*** DATA PROVIDED ***
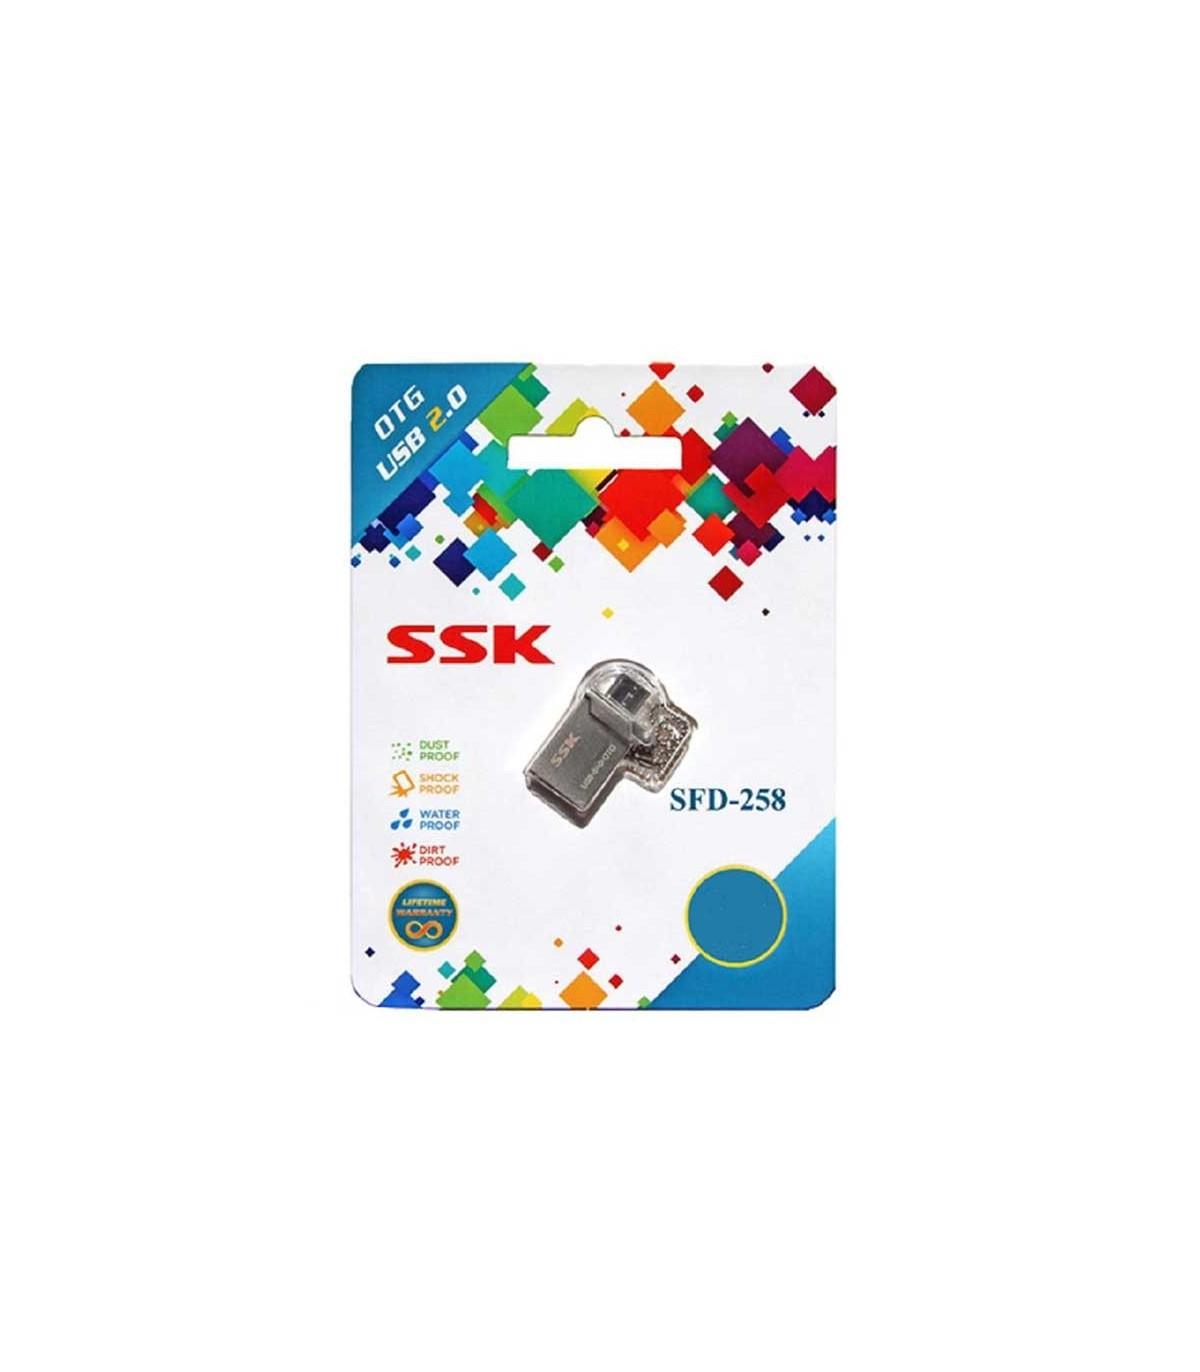 فلش مموری 8 گیگابایت SSK SFD258 OTG
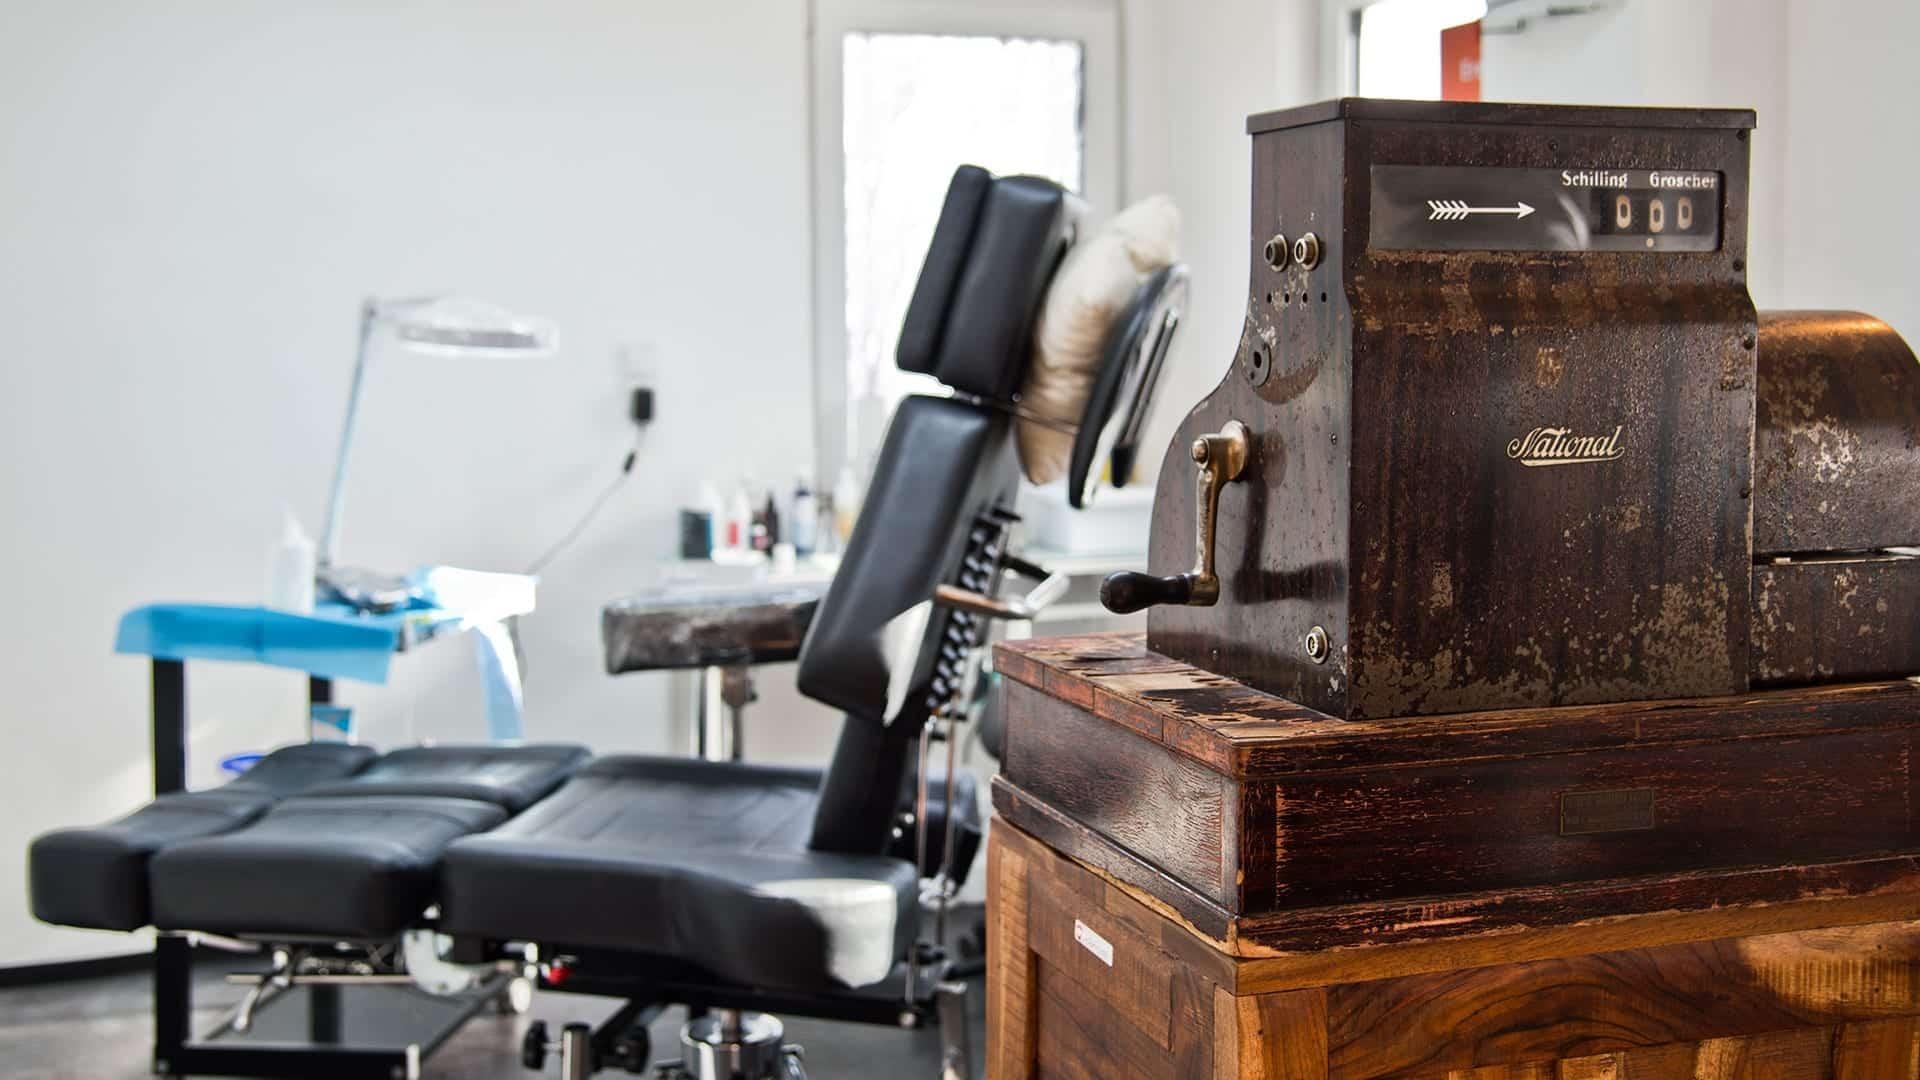 studio-tattoostuhl-farbe
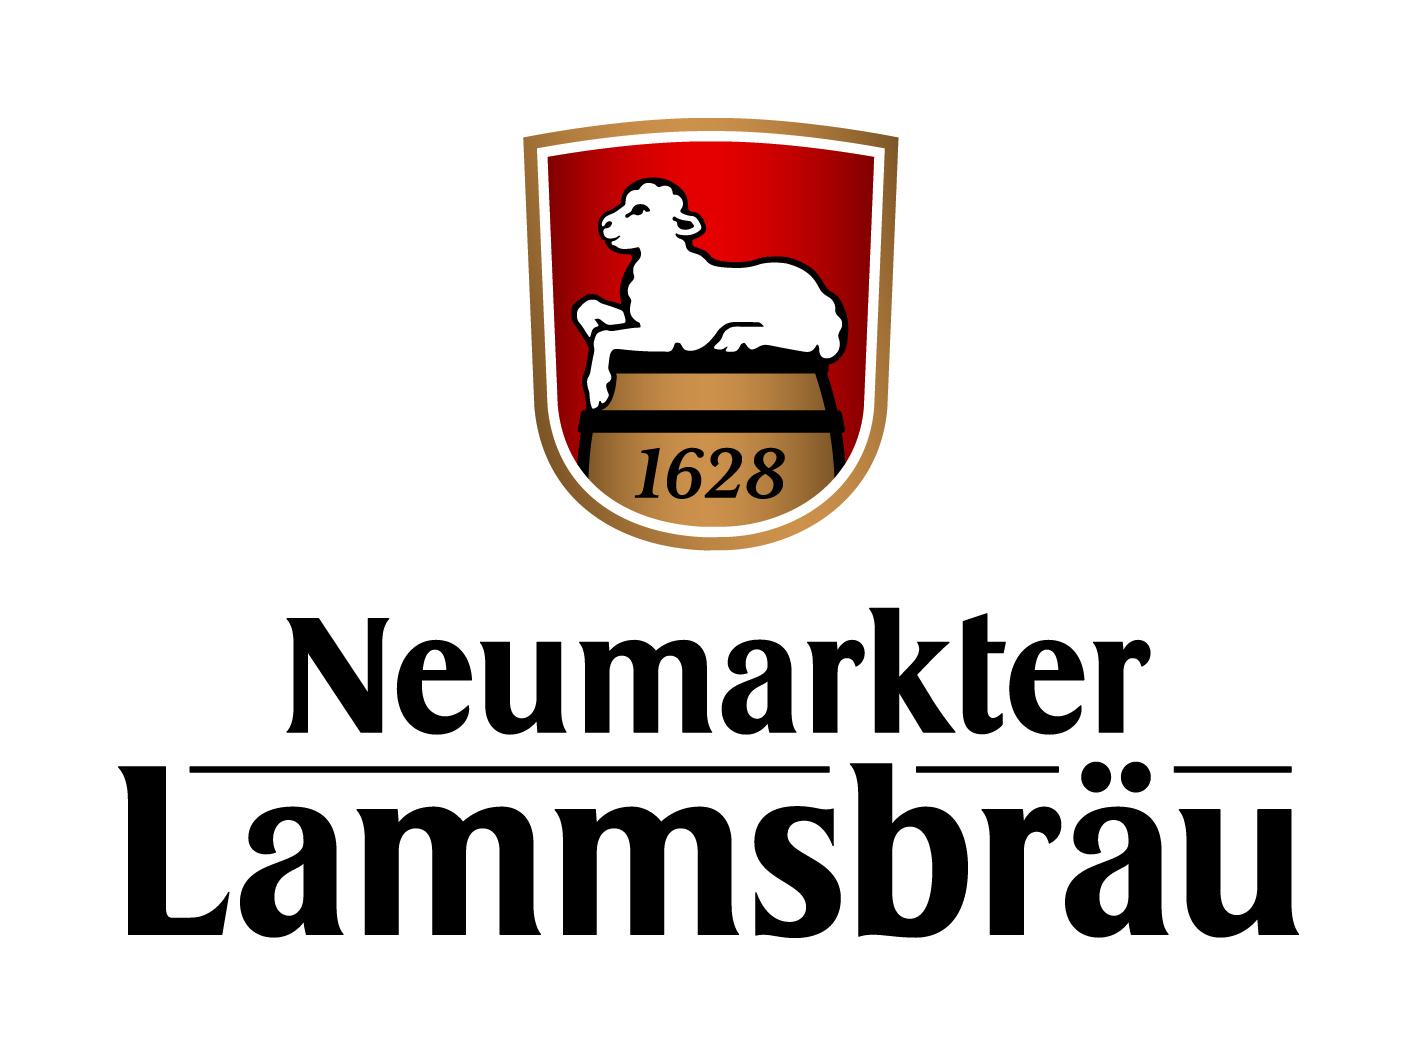 Neumarker Lammsbräu
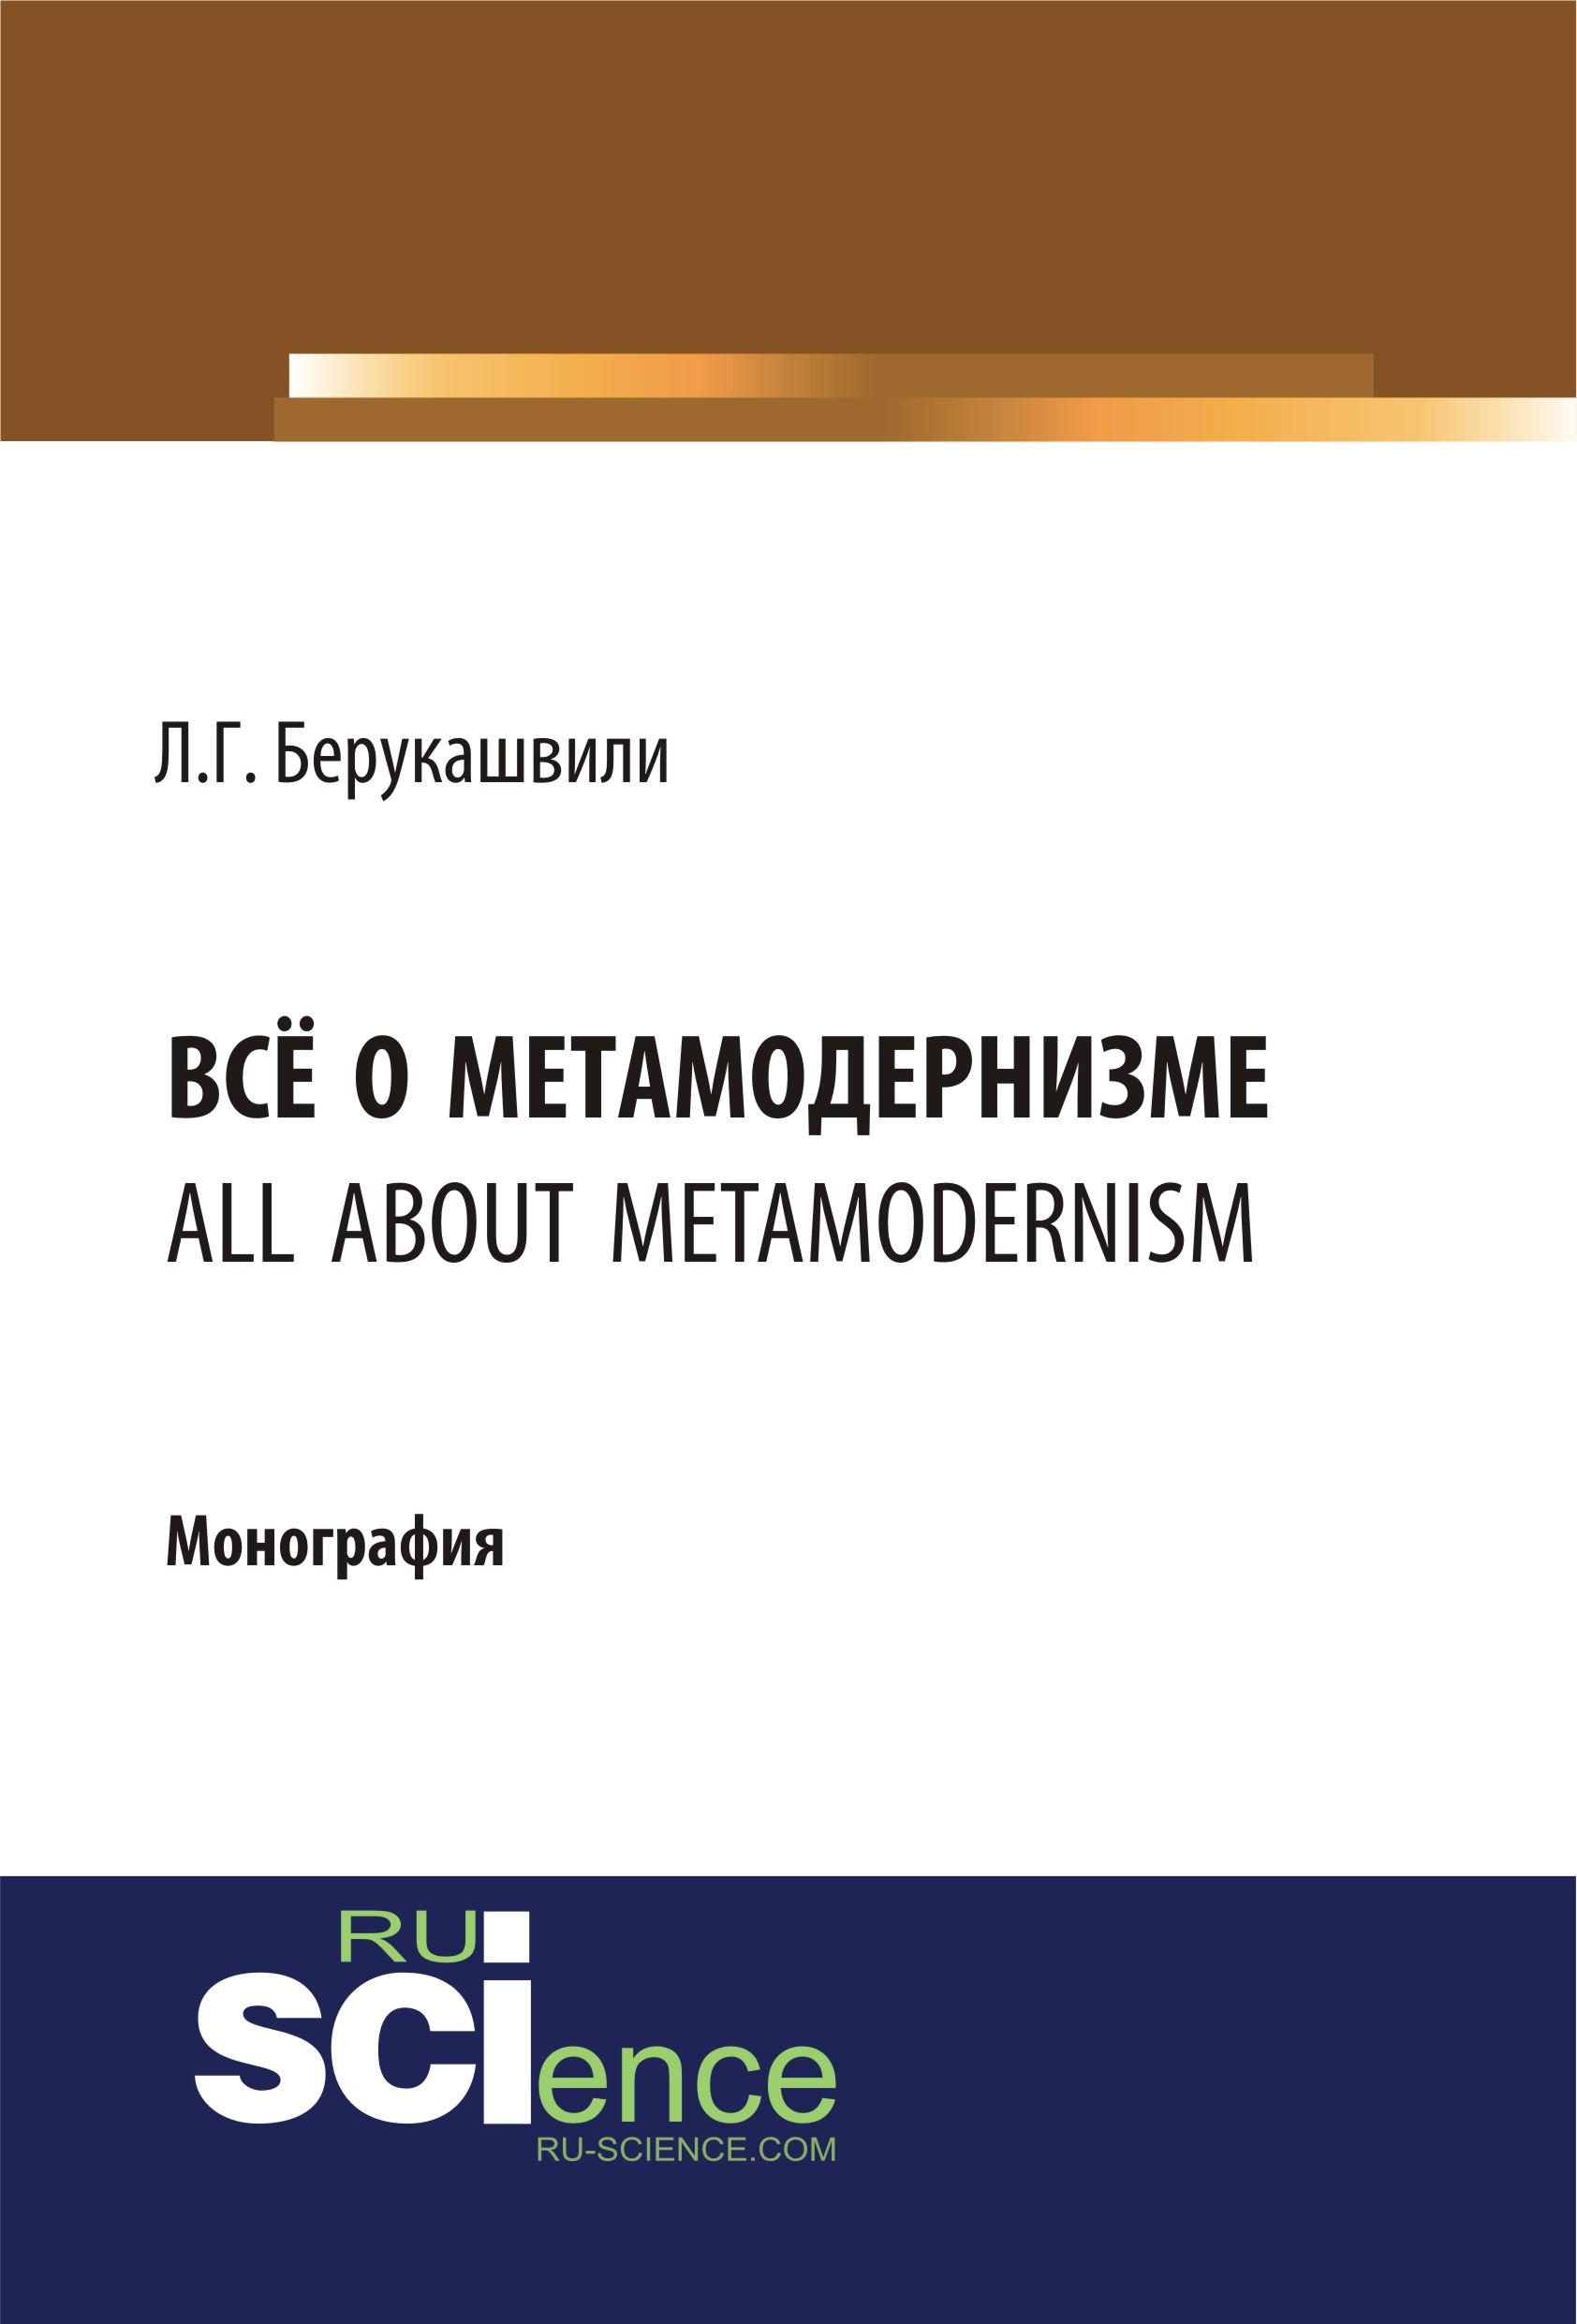 Берукашвили Л.Г. Всё о метамодернизме
*** End of DATA PROVIDED ***
### EXERCISE
A word-for-word repeat of the lines from the line with "studio-tattoostuhl-farbe" to the last line of the data, both ends included and pictures left out, is all that should appear.

### EXERCISE OUTPUT
 studio-tattoostuhl-farbe
 Neumarker Lammsbräu
 Берукашвили Л.Г. Всё о метамодернизме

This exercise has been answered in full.